Vietnam's Economic Strategies Applauded by Multilaterals

HANOI, Dec 6 Asia Pulse - Vietnam has received a positive report card from multilateral institutions, who have praised the country's industrialisation and international integration and predicted that strong economic growth will continue.

But there is also a warning that Vietnam will need to reform its banking system and mobilise more investment from its people's savings and private enterprises, if it wants to realise its ambitious modernisation agenda.

The comments came in separate statements from the United Nations Conference on Trade and Development [UNCTAD] and the Asian Development Bank [ADB].

UNCTAD issued a statement which lauded the renovation process and noted the country's exemplary achievements at attracting foreign direct investment [FDI] over the past decade.

In the 1990s, annual average FDI into Vietnam grew 16-fold. In 1988-1991, the average was just US$141 million a year; but by 1996-1999 this figure was US$2.2 billion (peaking at $2.7 billion in 1997).

During that time, FDI inflows grew seven times more quickly in Vietnam than across Southeast Asia as a whole, moving from a 1.4 percent to a 9.5 percent share of the ASEAN total.

But UNCTAD noted that since the onset of the Asian financial crisis, FDI into Vietnam has declined, and is "far from the levels the country could potentially attract".

The statement welcomed Vietnam's program of reforms aimed at attracting foreign investment and liberalising the regulatory framework, although adding that even more administrative reform was needed.

The reforms have allowed foreign investors to wholly own their Vietnamese businesses, and already-operating firms can merge, consolidate or split their business.

Other changes have allowed contracting parties to joint ventures to set their own contribution levels to the legal capital base, or even become wholly foreign-owned.

FDI registration procedures have been relaxed, taxes lowered, foreign currency rules widened, and land-use rights can be used as collateral to borrow from foreign bank branches operating in the country.

Visa restrictions on foreign professionals have been eased, and many export businesses will be able to get licences automatically from 2002.

"All these measures have helped to improve the regulatory framework, but much remains to be done, especially in terms of implementation," UNCTAD said.

The UN body said procedures needed to be further streamlined, regulations made more predictable and transparency had to be brought into line with international practice.

UNCTAD also hailed Vietnam's efforts to improve bilateral and multilateral economic co-operation in the international arena, citing the slew of bilateral investment treaties and double tax treaties Vietnam has signed, and its participation in international forums.
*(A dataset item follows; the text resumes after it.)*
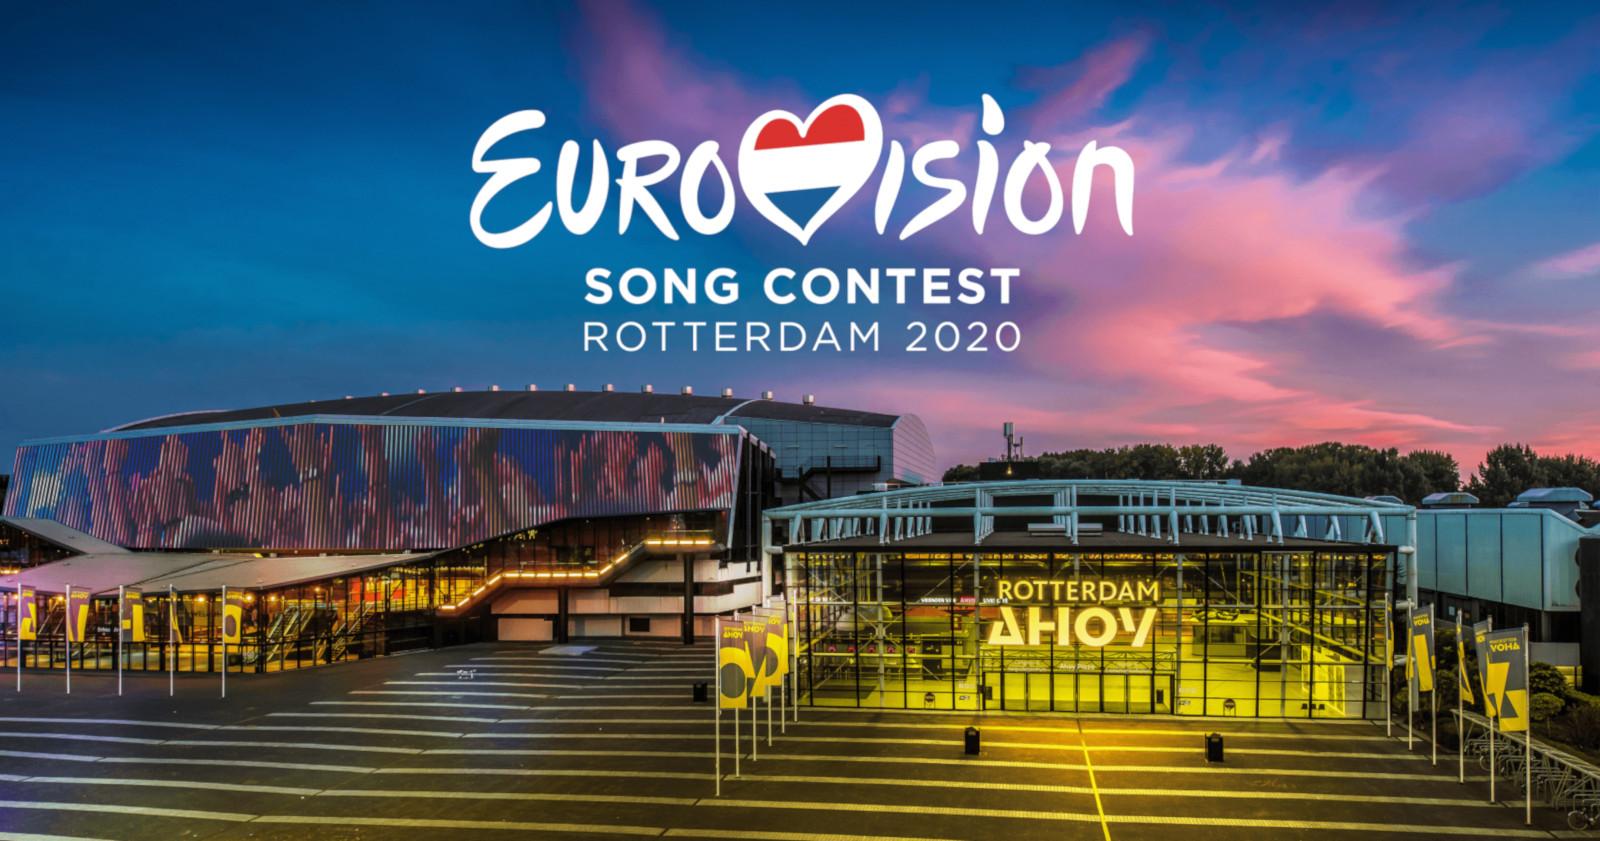 Официальная заставка фестиваля Eurovision.

Meanwhile the ADB's Country Economic Review said that after two years of slowdown, the Vietnamese economy is showing signs of recovery.

The Government estimates that real gross domestic product [GDP] grew by 6.2 percent in the first half of 2000, with 6.1 percent growth tipped for the full year and 6.4 percent for 2001.

The ADB predicted that domestic demand will continue to pick up, backed by a gradual recovery in investment.

The Bank acclaimed Vietnam's progress in fighting poverty. Between 1993 and 1998, the incidence of poverty, as measured by the head count index, dropped from 58.2 percent to 37.4 percent.

But economic growth had been the key factor in reducing poverty, the ADB said, meaning that some socio-economic groups - such as those in areas that are predominantly agricultural, poor or inhabited by ethnic minorities - had not done as well as those elsewhere in the country.

In 1999, Vietnam experienced bumper harvests but sluggish demand. Nevertheless, industrial and construction activity grew 7.6 percent that year, boosted by mining, quarrying and crude oil production.

The Bank said weak demand hurt the manufacturing sector in 1999, and the services sector also underperformed.

The ADB predicted that the Budget deficit would widen to 3.5 percent in 2001 from 3.2 percent this year, driven by the cost of structural reforms.

Rapid liquidity growth last year would see inflation pick up to 2.5 percent by the end of 2000, rising to as much as 5 percent by late 2001, the ADB warned.

Export growth will nudge 13 percent over the whole year, while imports will surge 17.3 percent. The current account surplus is predicted to slip back to 2.3 percent.

The ADB said the dong is under pressure from various quarters, and would perhaps need to be managed more flexibly next year.